Random Acts of Blindness and Epiphany

Just rambling.....

Tuesday, December 15, 2009

Faith vs. Logic

How do you know whether something is real or not? Do you have to see it, touch it, smell it, hear it, taste it? Are the 5 senses the only way to know something is real or not? And what separates fact from opinion?


Irrefutable logic is that which you can use the 5 senses to verify. A mathematical problem that you can work out on paper, proving it one way or another. Finite... no wiggle room.


But faith and opinion go hand in hand. My opinion is that there is a Goddess and a God. That is also my faith. I have faith that everything in nature has both a feminine and a masculine. Deity does as well. This is my faith, and my opinion.


Not everyone shares this opinion, or this faith. I don't ask that they believe it, or feel the same. This is personal, just for me.


Faith is personal for everyone. No matter whether you attend a church, a mosque, a temple, or simply worship at an altar in your home or in the woods, your faith exists only in your heart and mind. And Noone can dictate to you what your faith will be. Because it exists only in your heart and mind, it is inviolate. People can talk all they want, but your heart and mind know what they know.

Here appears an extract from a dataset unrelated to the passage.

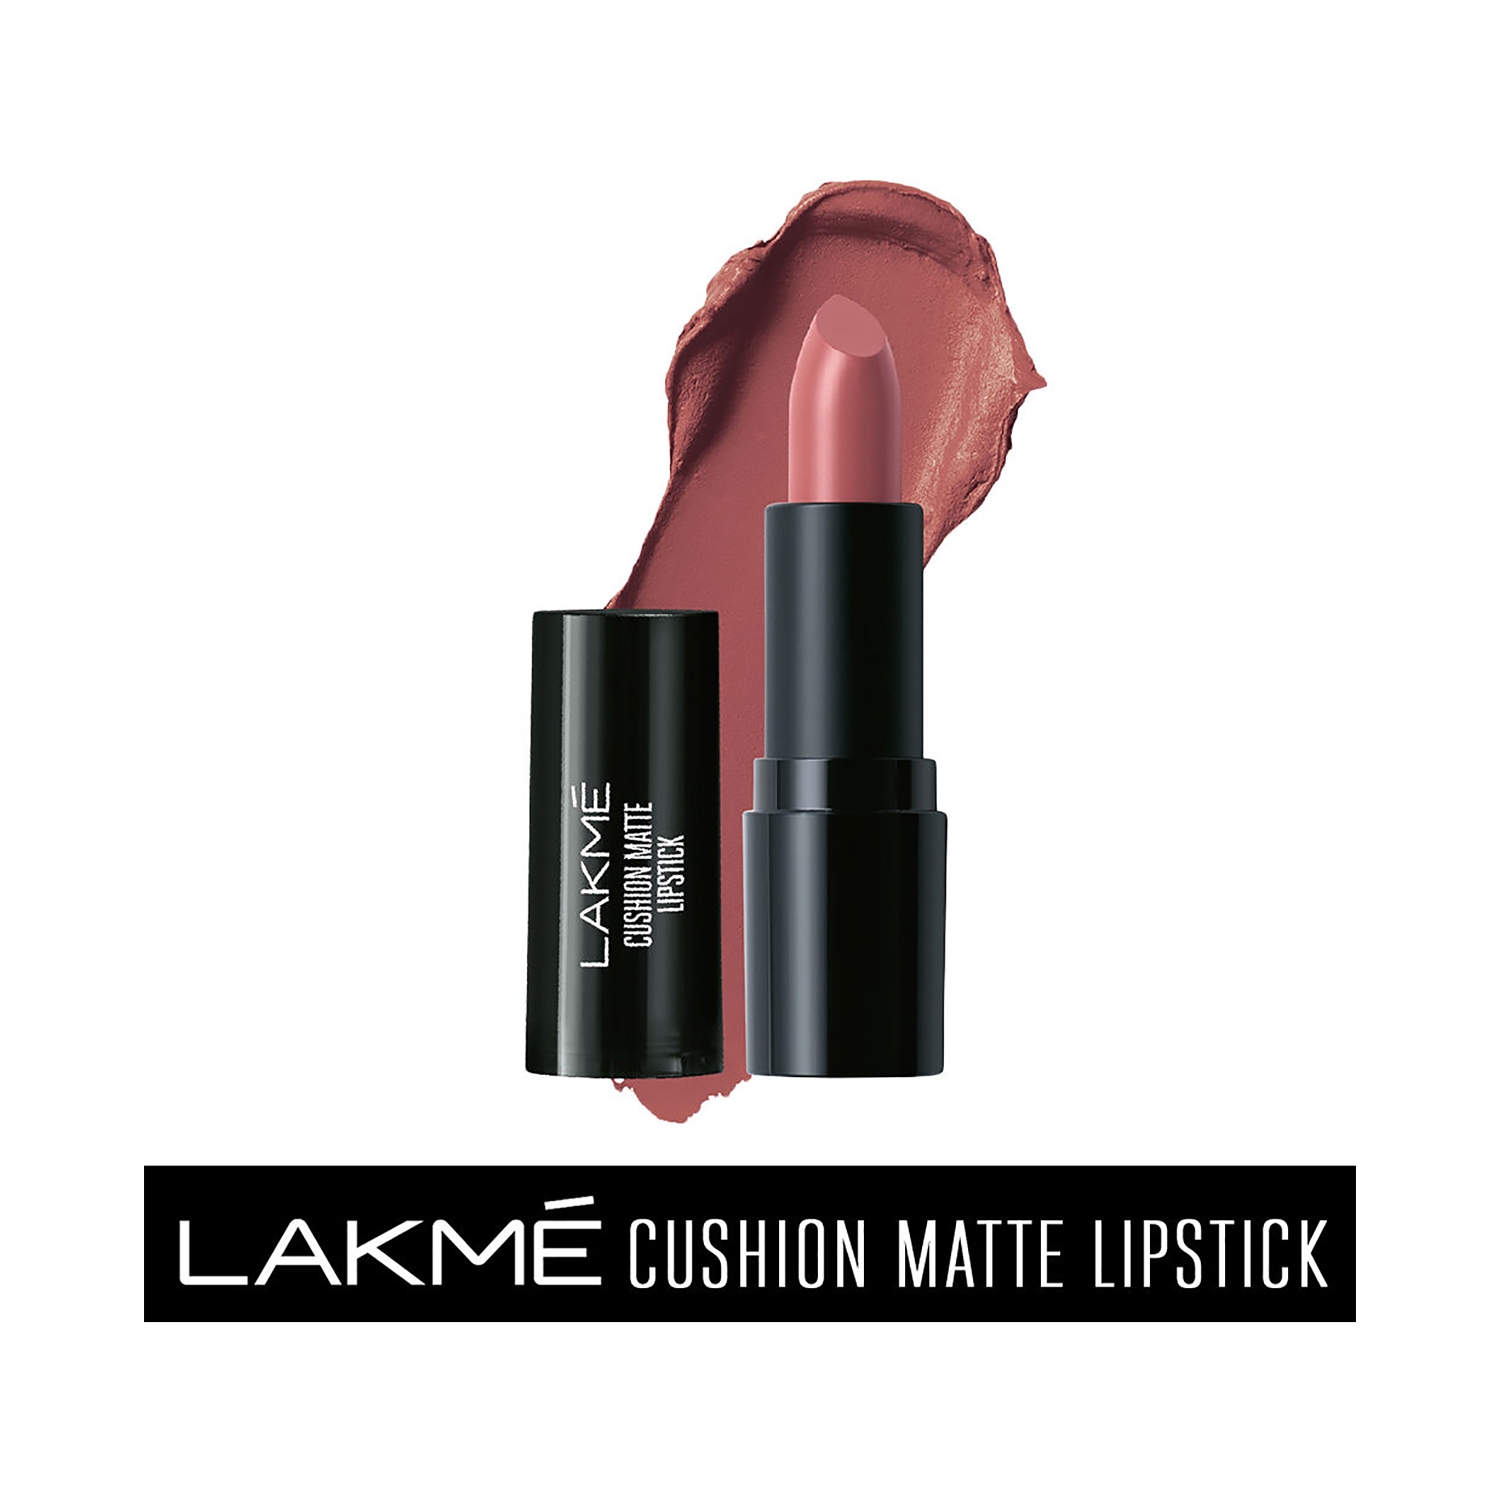 Lakme | Lakme Cushion Matte Lipstick - Pink Rose (4.5g)

Faith is taking that blind leap, knowing, all the way to your toes, that you will be caught before you hit.  You can't prove it, you can't even explain it really.  Explanations continually slide off to the side, into opinion, before they finally disappear into shoulder shrugs and someone simply saying "I know what I know."  You can't argue away faith, you can't reason with it, and you certainly can't scream it down.  Science doesn't negate it, nor does mathematics or any of the other "logic" schools. 

So, faith vs. logic... do they have to be mutually exclusive?  Can they ever work together?  I don't think so.  You can prove things up to a certain point, especially things like religion.  But once you get past history and science, you have to take the rest..... on faith.